Armored Kneeling Archer, Teracotta, Qin dynasty (221-206 BCE), China. Terracotta.
This Kneeling Archer, one of many terra-cotta figures, was excavated from Pit Number 2 at the Qin Shihuang Tomb Complex in 1977.
These remarkable figures are representatives of the army amassed by China’s First Emperor Qin Shi Huang some 2,200 years ago to guard him in the afterworld. Though Qin Shi Huang lived to be just 49, he is a pivotal figure in Chinese history—responsible for unifying all of China under one powerful leader and creating a legacy of a centralized bureaucratic state that was carried on to successive dynasties over two millennia.

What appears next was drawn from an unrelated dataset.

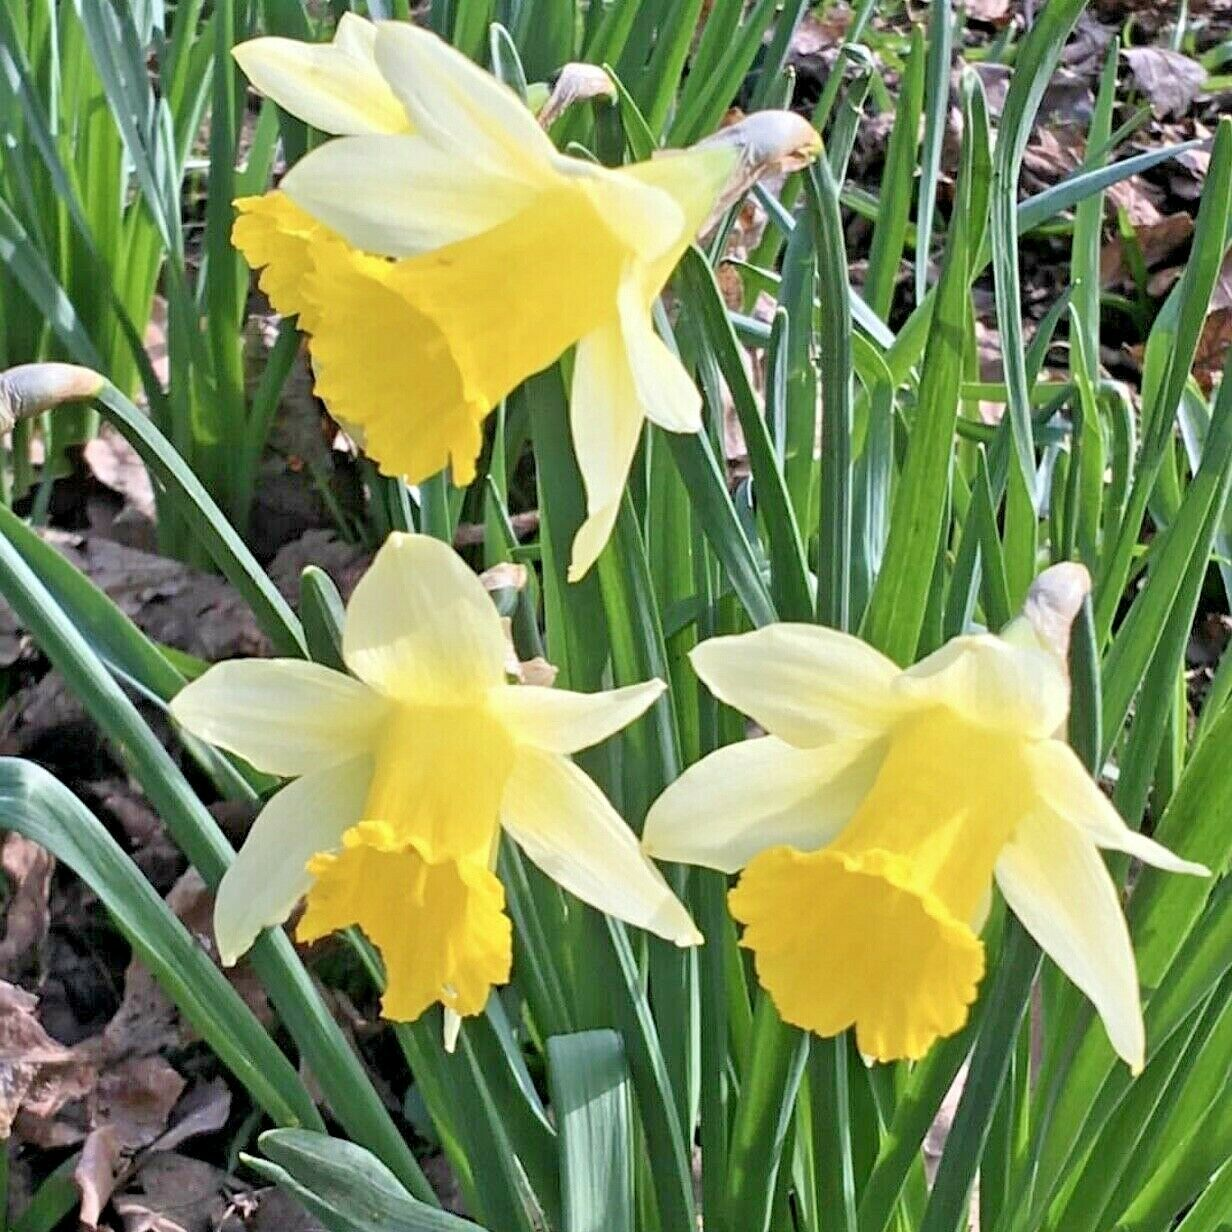 WILD DAFFODILS BULBS | Lobularis Lent Lily | Top Quality Narcissus

Obsessed with the concept of immortality, he began to make plans for his immense burial complex at a young age while greatly expanding his power base in real terms. By defeating or allying with the seven independent warring principalities that had battled among themselves for generations, he ended China’s brutal Warring States period (475-221 B.C.) and creating a vast kingdom.
It is near Xian, that he built his massive mausoleum guarded by the Terra Cotta warriors. At 250,000 sq. ft., it’s the length of four football fields, and includes a replica of the imperial palace with stables, offices, an armory, an amusement park, a zoo, and an aviary filled with elegant bronze replicas of waterfowl.